Seminario con Peter Wadhams, uno dei massimi esperti a livello mondiale di ghiaccio marino e oceani polari.

Il seminario sarà anche l’occasione per inaugurare il nuovo indirizzo “Climate change” della Laurea Magistrale in Ingegneria per l’Ambiente e il Territorio del Politecnico di Torino, che prende avvio ufficialmente il 30 settembre.

Daranno il benvenuto ai partecipanti la Prof.ssa Patrizia Lombardi, Prorettrice del Politecnico di Torino, il prof. Rajandrea Sethi, Direttore del Dipartimento DIATI, e il prof.

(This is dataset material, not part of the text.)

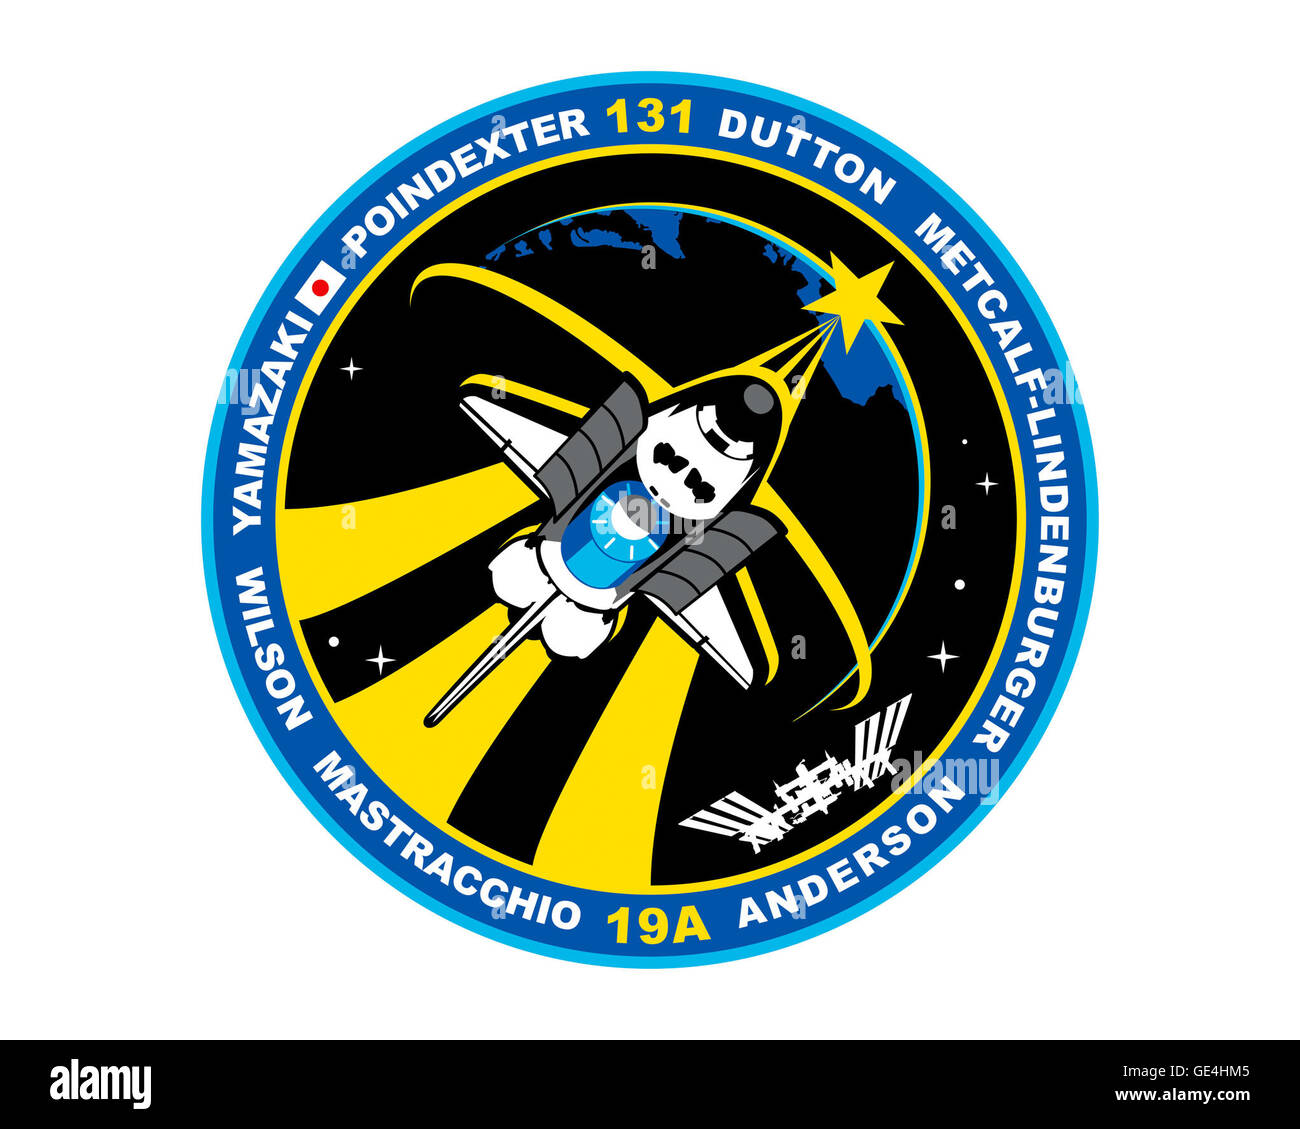 Lanzamiento: Abril 5, 2010, 6:21am EDT Desembarque: Abril 20, 2010, 9:08 am EDT, el Centro Espacial Kennedy: La tripulación del Transbordador Espacial Discovery: G. el Comandante Alan Poindexter, el piloto James P. Dutton Jr., especialistas de misión Clayton C. Anderson, Rick Mastracchio, Dorothy M. Metcalf-Lindenburger, Stephanie D. Wilson, Naoko Yamazaki durante la STS-131, Discovery entregó un módulo logístico multi-propósito lleno de ciencia racks que fueron trasladados a los laboratorios en la Estación Espacial Internacional. La misión contó con tres paseos espaciales realizados por Mastracchio y Anderson. Se sustituye un conjunto de depósito de amoníaco, retr Foto de stock

Francesco Laio, responsabile scientifico del progetto cambiamenti_climatici@polito.
Il seminario è aperto al pubblico e si terrà in lingua inglese.

BIO DEL RELATORE
PETER WADHAMS ScD è Professore Emerito di Fisica Oceanica presso il Dipartimento di Matematica Applicata e Fisica Teorica dell’Università di Cambridge, e precedentemente Direttore dello Scott Polar Research Institute. È anche professore presso l’Università Politecnica delle Marche e, da settembre 2019, Visiting professor presso il Politecnico di Torino. Dal 1976 dirige un gruppo di ricerca che si occupa di fisica dei ghiacci marini e cambiamenti climatici, con un vasto lavoro sul campo (54 spedizioni) realizzato con sottomarini, AUV, rompighiaccio ed aircraft.

PRESENTAZIONE DEL SEMINARIO DA PARTE DEL RELATORE
“I have been studying Arctic sea ice since the 1970s, and in that time the ice cover has retreated so that its volume in summer is only a quarter of what it was in the 1970s. Its composition has changed so that nearly all of the ice is young, less than a year old, and only a small amount of older ice remains. The consequences of this retreat are enormous for the climate of the planet as a whole. The loss of the white ice surface results in a reduction in the fraction of incoming short wave energy from the sun that is reflected back into space - causing global warming to accelerate, with the effect being calculated as adding 45% to the warming rate. The open water area in summer warms up, and in shallow water this causes the permafrost covering the seabed to thaw, allowing a vast mass of methane in the underlying sediments to escape to the atmosphere - the fear is that this could become a huge methane outburst, causing an even greater boost to global warming. The warm air now permeating the Arctic moves over the Greenland ice sheet, causing increased melting and an increased rate of global sea level rise, with terrible consequences for coastal cities and communities. And the warmer Arctic air distorts the course of the jet stream in the atmosphere, leading to extreme weather events of heat or cold which are disrupting crop production in middle latitudes, reducing our food supply at a time when population is increasing rapidly. These are all disasters.

What can we do to overcome them, and to overcome global warming in general? Reduction in carbon emissions is essential, but is not enough in itself to bring us back to the stable climate of the past. The only was is to remove carbon dioxide from the atmosphere by chemical means, followed by disposal of the absorbed material in some way. I outline the methods under development, including conversion of CO2 into artificial limestone for use in cement production, and deposition in deep rock fissures in Iceland. These analyses are found in my book "a Farewell to Ice" and also in the recent Leonardo DiCaprio film "Ice on Fire".”